Responsibility also lies with the Prime Minister. The ministers seem to have been made scapegoats.

P Chidambaram, a senior Congress leader and former finance minister tweeted, “The resignations of the Union Health Minister and the Minister of State Health is a candid confession that the Modi government has utterly failed in managing the pandemic.”

The question arises whether the PM, along with leaders of opposition parties should be held responsible for holding election rallies for a month from March 27 in five states where 187 million people were eligible to vote. 
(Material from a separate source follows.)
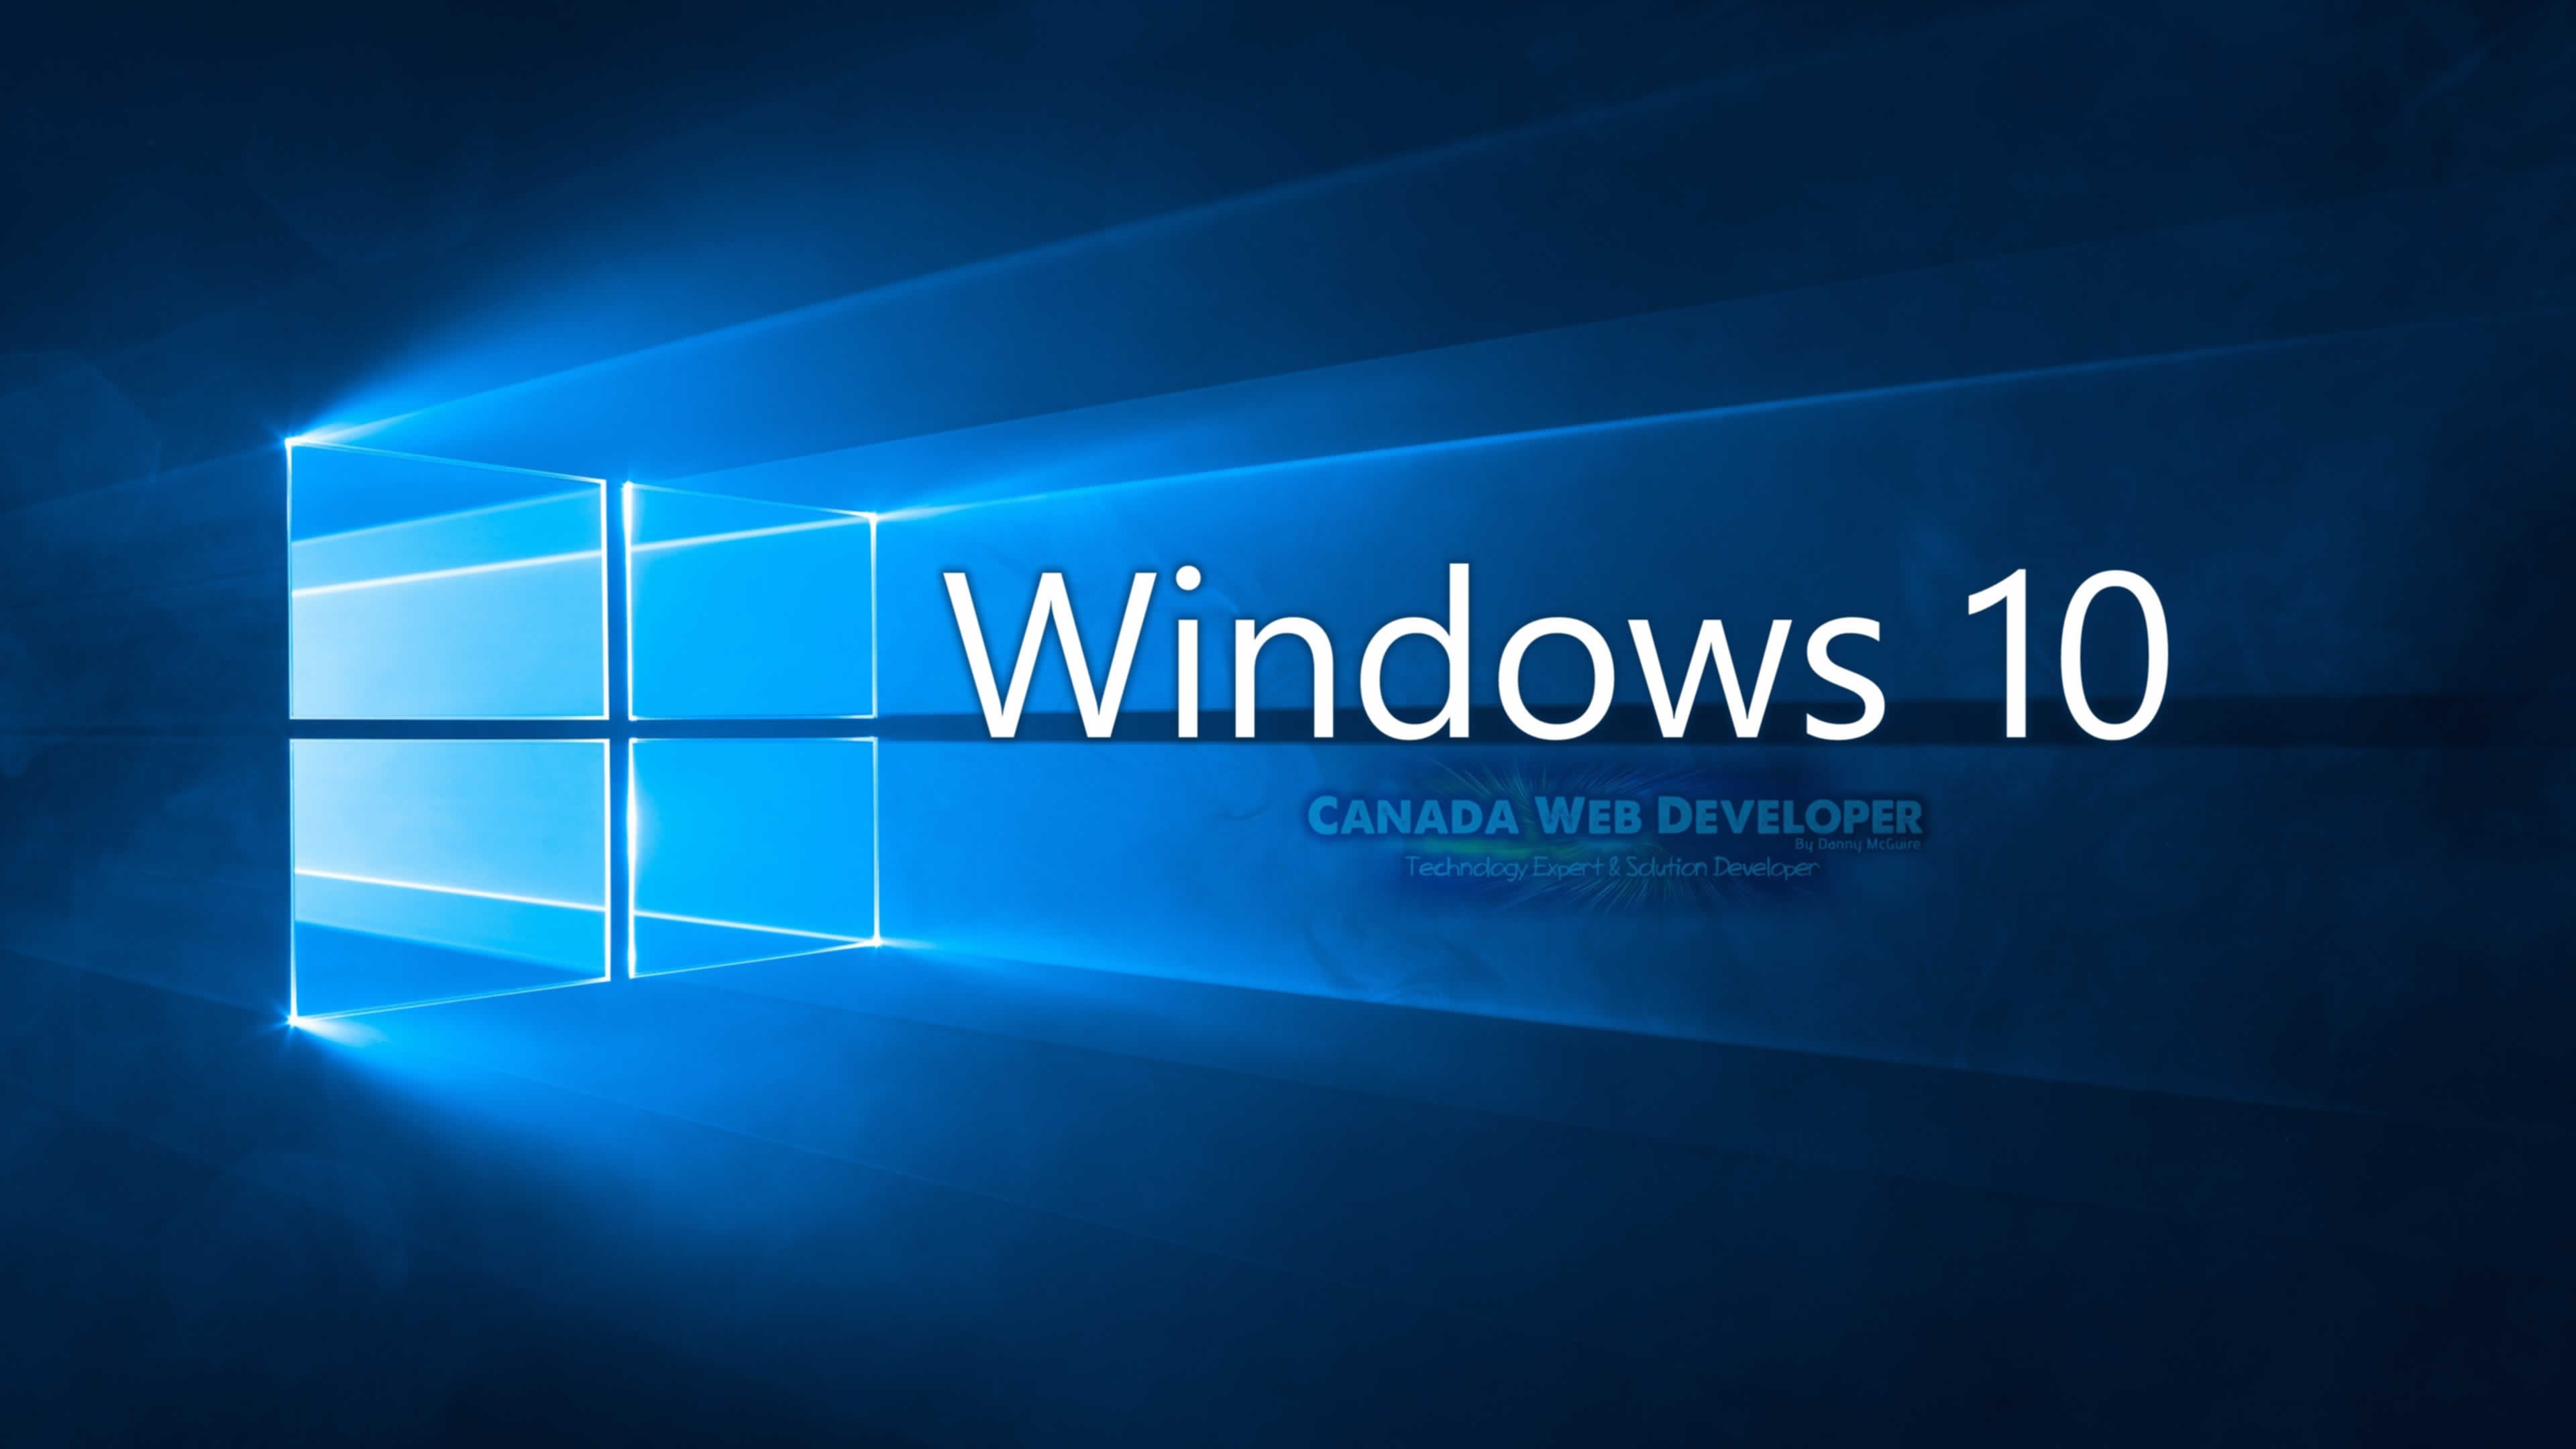 Windows 10 иероглифы
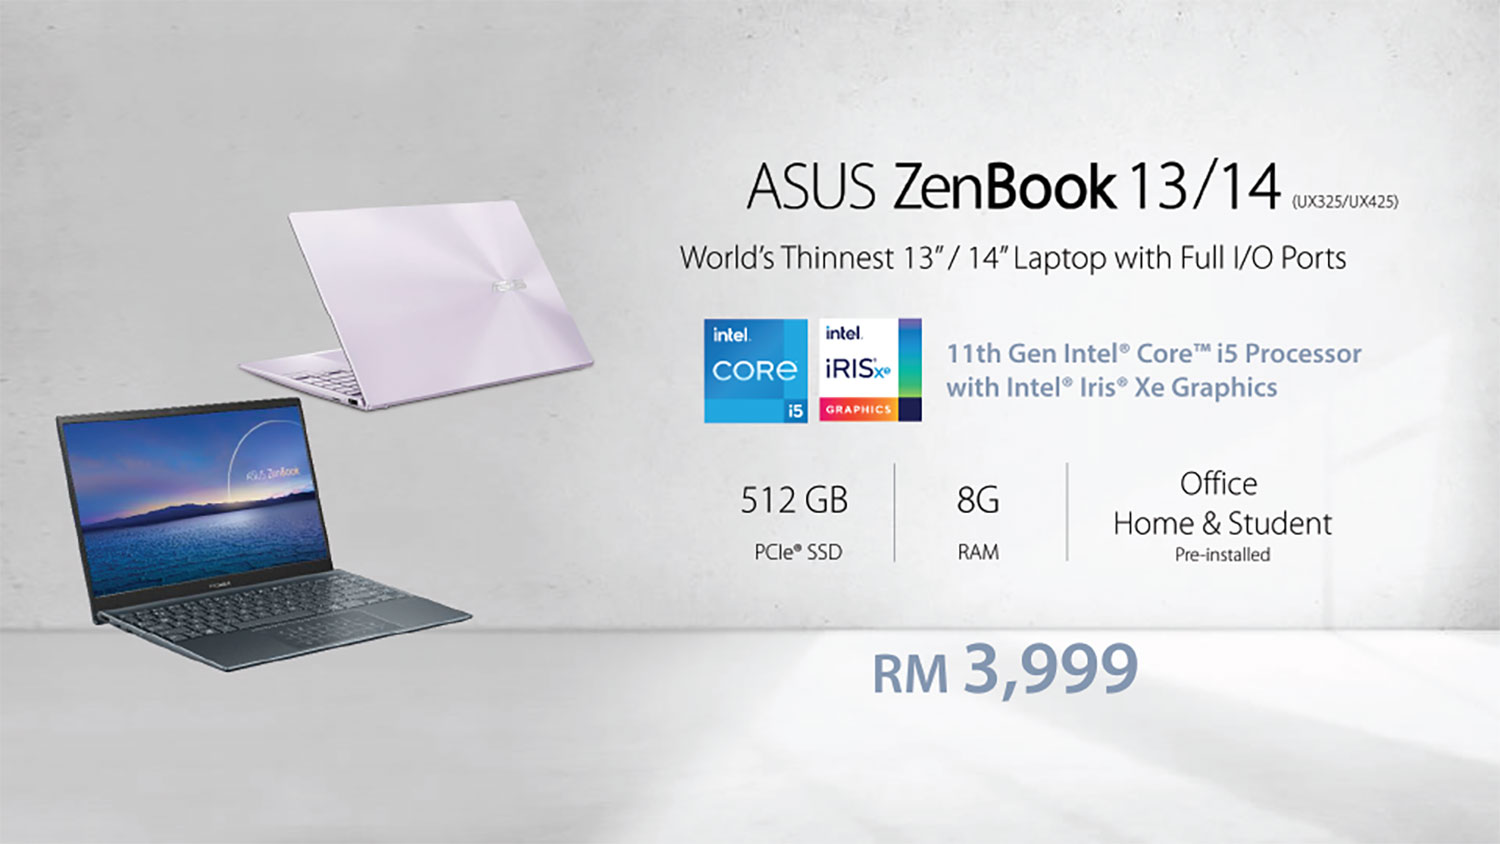 ASUS 11th Gen Intel Core Processor_ZenBook 13 (UX325) and ZenBook 14 (UX425) Price_2

In most of these rallies, which at times were attended by thousands, leaders spoke without masks to maskless crowds who didn’t practice social distancing.

Senior BJP leader Prakash Javdekar, who was handling the Information and Broadcasting Ministry and was government spokesperson, was also dropped. It is believed that he was not able to project Modi government policies and its image in a “proper” manner.

In another tweet, Chidambaram said, “There is a lesson for ministers in these resignations. If things go right the credit will go to the PM, if things go wrong the minister will be the fall guy. That is the price a minister pays for implicit obedience and unquestioning subservience.”

Whether this Cabinet rejig will help Modi to improve his image or will the country see better governance now are key questions.

“Modi’s big Cabinet reshuffle, which largely focused on middle-ranking and junior ministerial positions, has turned out to be something of a damp squib,” Brahma Chellaney, an eminent strategic thinker, author and commentator tweeted.

“It’s clear Modi’s remaining term of nearly three years will look a lot like the seven years that he has been in office”, he said.

Political analysts say it will not be easy to wipe memories of the tragedies during the second Covid wave.

As of July 7, official figures show more than 30 million people have been found positive in total. More than 29 million have recovered and more than 400,000 are reported to have died. Voluntary organizations working in the health sector believe these figures are far short of the true numbers, which are hard to determine.

Modi’s image has also taken a severe beating on the economy. Unemployment and inflation are big issues. His biggest challenge is to handle the pandemic while creating jobs.

Political pundits say the reshuffle and expansion of the government have been with elections next year in seven states in mind, including Uttar Pradesh, Uttrakhand, Punjab and Goa.

Uttar Pradesh which gives 80 parliamentary seats and 403 assembly seats is the most important for any party in India. The lower house or Lok Sabha has 543 seats and Uttar Pradesh (UP) has an almost 15% share in Lok Sabha.

Winning in UP state assembly polls due in March/April is a must for the BJP as it will set a trend for the Lok Sabha polls in 2024.

So UP has been given a big representation in the new Modi Cabinet.

How important UP is for the BJP can be seen from the fact that seven new ministers from the state have been inducted into Modi’s Cabinet. This brings the number of ministers from UP in Modi’s cabinet 17 including Modi who contests Lok Sabha polls from Varanasi city in UP.